Nel prossimo bilancio, vera e propria chiave di volta della protesta dei lavoratori, si dovrà infatti fare spazio ad una torta di oltre 5000mil.a euro da distribuire a 9 dipendenti. Premi di produzione, da elargire, secondo quanto previsto dal contratto, in base al merito.

“Tutto in coerenza – si legge nella proposta deliberativa – con il nuovo Sistema di valutazione delle posizioni dirigenziali della Provincia di Brindisi” adottato dalla  giunta Ferrarese nel 2012 sulla base di quanto previsto dalcontratto collettivo.

Danaro, pari a 576mila e 312 euro, preso da uno specifico fondo e che dovrà essere distribuito ai dirigenti in misura direttamente proporzionale ai rispettivi punteggi complessivamente attribuiti al singolo.

In pratica, in base agli obiettivi raggiunti da un singolo dirigente, allo stesso viene riconosciuta dauno specifico nucleo di valutazione una percentuale di merito. Questa percentuale determina, quindi, l’importo a lui spettante. Nella provincia di Brindisi, è bene precisarlo, i dirigenti sono quasi tutti primi della classe.

7 di loro, infatti, ricadono nella prima e più ricca fascia.

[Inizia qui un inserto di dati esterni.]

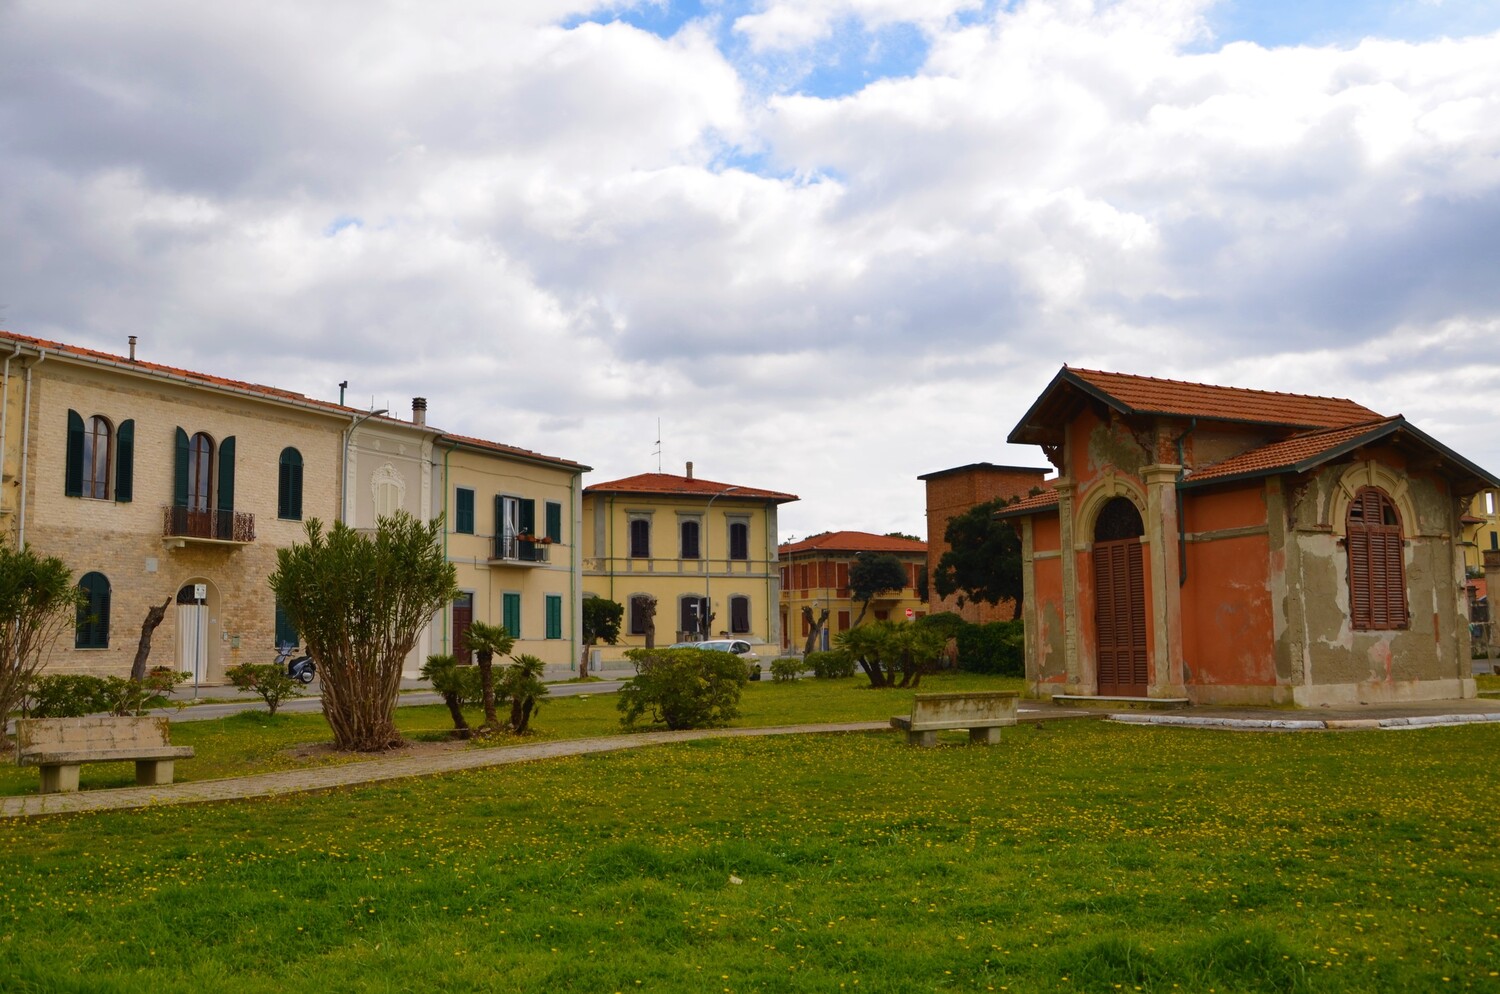 Scorcio via Minorca (L. Corevi, Comune di Pisa)

Complimenti, quindi, alle matricole 1939, 1514, 1810,2048,2047,1982 e 1710. Classe C per la matricola 2089. La L per la 651.

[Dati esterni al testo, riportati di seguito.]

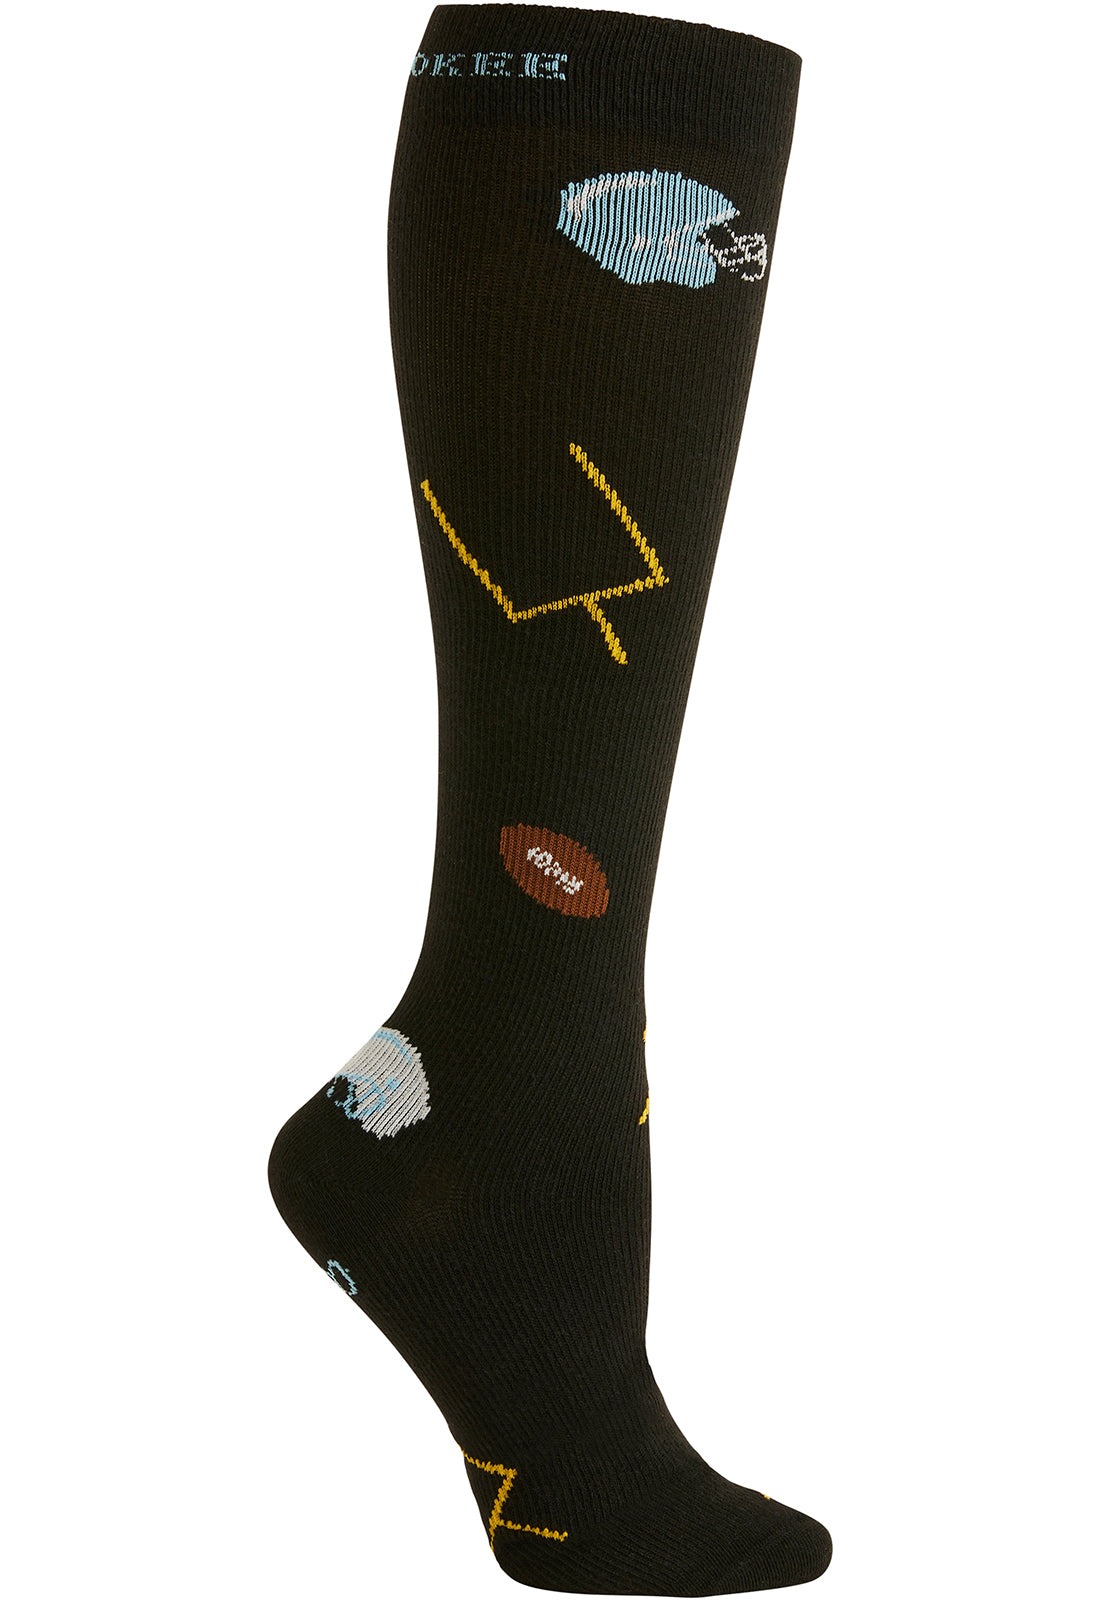 Men's 10-15mmHg Compression Socks Men's Compression Socks Cherokee Legwear Football Fun

Soldi, tanti soldi, che sicuramente indispettiranno i dipendenti “tagliati” della Santa Teresa, società che fa capo appunto alla Provincia, alle prese con pesanti tagli alle ore lavorative e quindi alla retribuzione. A microfono spento, c’è chi parla di “casta” e, nelle scorse ore, durante il presidio in provincia, giravano anche dei volantini in tal senso.

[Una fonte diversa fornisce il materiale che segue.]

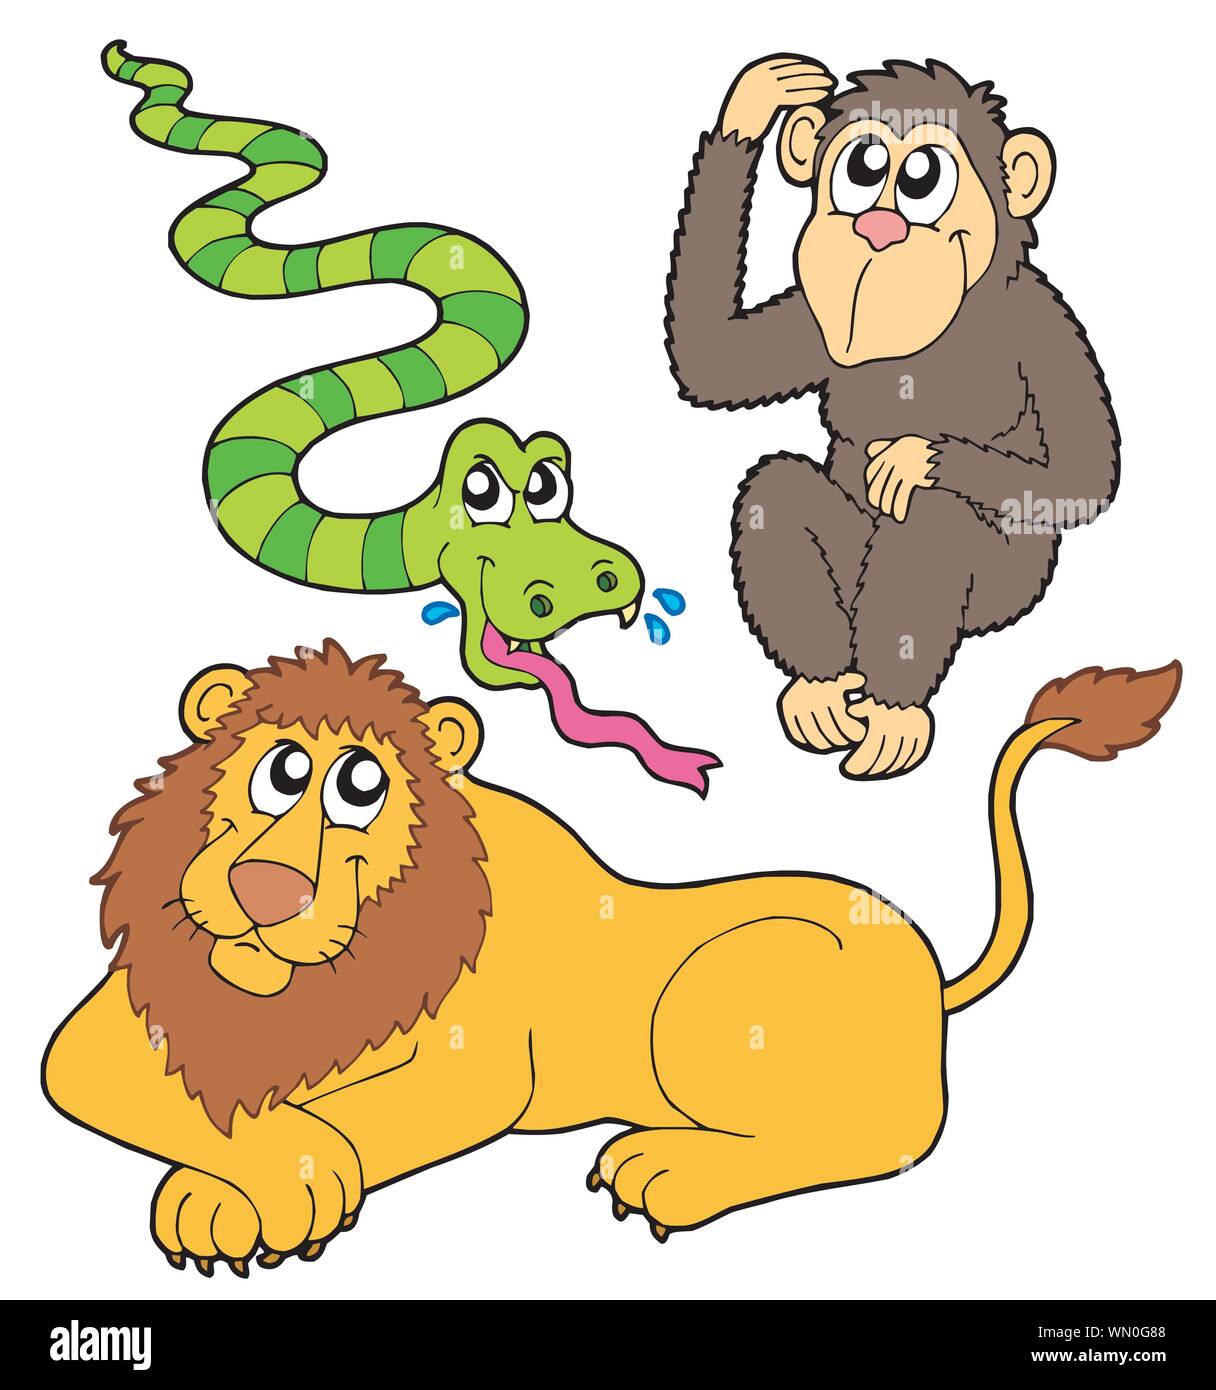 Гороскоп обезьяны льва. Лев и обезьянка. Картина обезьянки и змея.

Lo ribadiamo. È tutto legale. I premi ai dirigenti sono previsti dai loro contratti e l’unico elemento di discrezionalità è rappresentato dalle valutazioni effettuate dal nucleo.

Eppure, mentre si parla di tagli e di spending review, è impossibile non pensare che la scure, come spesso capita, si sia abbutta sui più deboli, salvaguardando lo status di alcune classi rispetto ad altre.

Pensateci. Centinaia di migliaia di euro in premi ai dirigenti di un ente destinato a scomparire mentre una delle società collegate ad esso è praticamente in bancarotta.

Ad un marziano sarebbe davvero difficile spiegare questo paradosso.